Reading McMurtry's When The Light Fades (or goes out, dims, I'm pretty sure fades is right, the book is still on the headboard) which is sentimental indeed, pretty thin writing actually, making me think how these books featuring Duane - did he start out as a stand-in for L.M.? - have gotten progressively worse ("you remind me of a skier - you start at the top and then it's all down hill" - P. Curro). The Last Picture Show was tight and elegant, Texasville was a loose but joyful romp (for me anyway, easily his second best to Lonesome Dove, I read Jennifer's copy to shreds), while Duane's Depressed was more something you (something I) read out of a sense of duty, thinking McMurtry just barely made it out of the trilogy intact, and now this last one which I think hardly stands on its own but rather functions more as a lame coda. Writers of McMurtry's stature obviously have some cachet that allows them to publish whatever whenever (King admitted at one point he could rewrite the bible and people would buy it), but still. It seems, it reads, as self-indulgent to a high degree.
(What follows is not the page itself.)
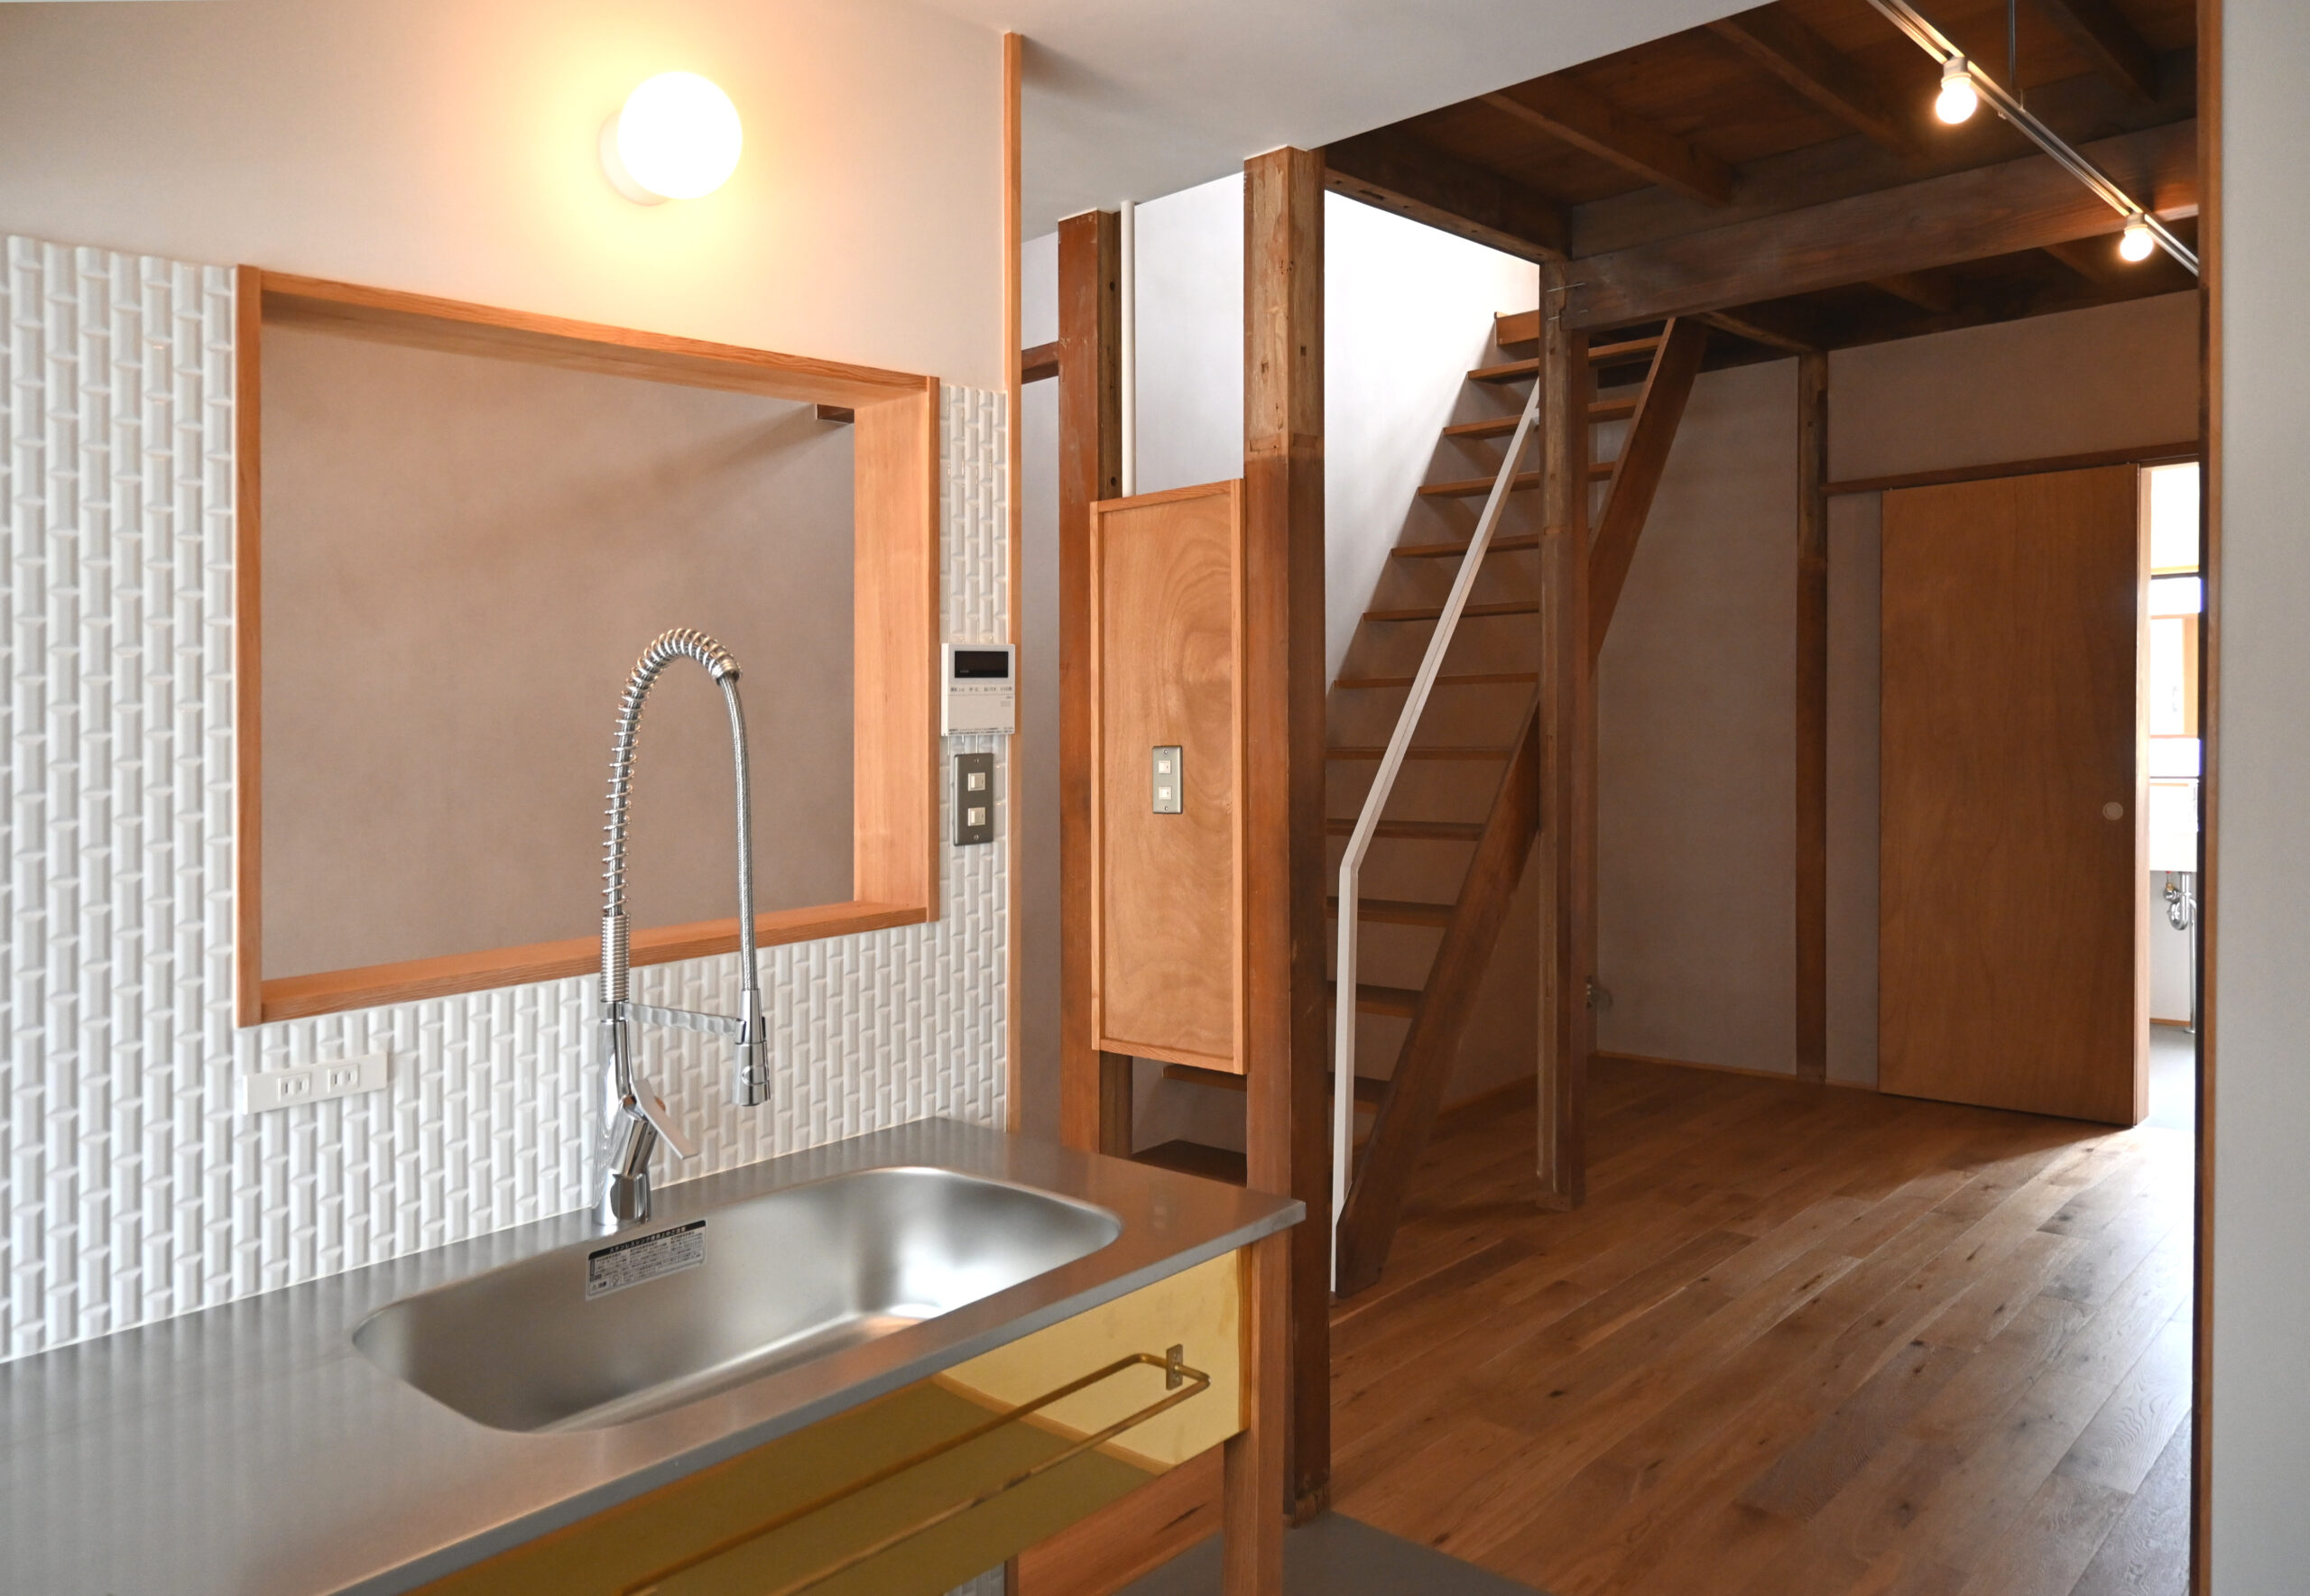 長屋リノベーションのキッチンダイニングスペース、シンプルなステンレス天板のオーダーメイド製作キッチン、シンプルでスタイリッシュな水栓

See Joe Hill, Heart-Shaped Box (I think that's the title - it, too, is on the head board) the horror writer not the famous labor leader (included in a poem I wrote, "there is time still to think about the miners/who turned away from that dark hill/to go hear instead Joe Hill") is satisfying, highly pleasurable, literate and a good story (the "red meat" of plot (and I love the canine reference to AC/DC)), one of those books that is a delight to read, but also makes me think, "I could do that," or "I want to do that," or, perhaps more a propos these days, "why am I not doing that?"

C comes in for a visit and we agree the weather sucks, we talk about puberty (Sophia's doctor visit yesterday), and how sweet Jeremiah is, and yoga and sleep and how much do sleep centers cost. I chop off a few toe nails, check out Nabakov's Pale Fire on wikipedia (recommended by Douglas in an electronic p.s. to a letter I haven't received yet) and . . .

Douglas is recommending metafiction - at least the description of Pale Fire is intensely satisfying to me - indicative of one of those texts I long to write but feel I cannot - why - because my writer's group whines or whatever and also I'm in a rush, a big rush. "Three cheers for digression." And, of course, the literary school I founded at some point in the past twenty years, the "school of parenthetical afterthought." As I said to C, at least he doesn't hate me. And she pats me on the head with a familiar sad look on her face. Well, why not say what one feels, even if it is - and it is - sort of stupidly juvenile. The alternative is to strangle off some part of ourselves. Though I recall what Mark once said to me, "I'm all about the inner child but sometimes you really do have to tell him to shut up and play with his blocks."

I thought yesterday at some point - or have I already written it, here somewhere - that I start out wondering how the hell am I going to make it to twenty-one sentences - and then near the end think damn I wish I had twenty or twenty-one more. Which is masturbatory of course because what have I said, really? Made a list, tossed a little opinion on it, salted it with some emotional dreck . . . And ended on a metaphor - salad (or a pancake - that's better, I like pancakes) - that feels lame indeed.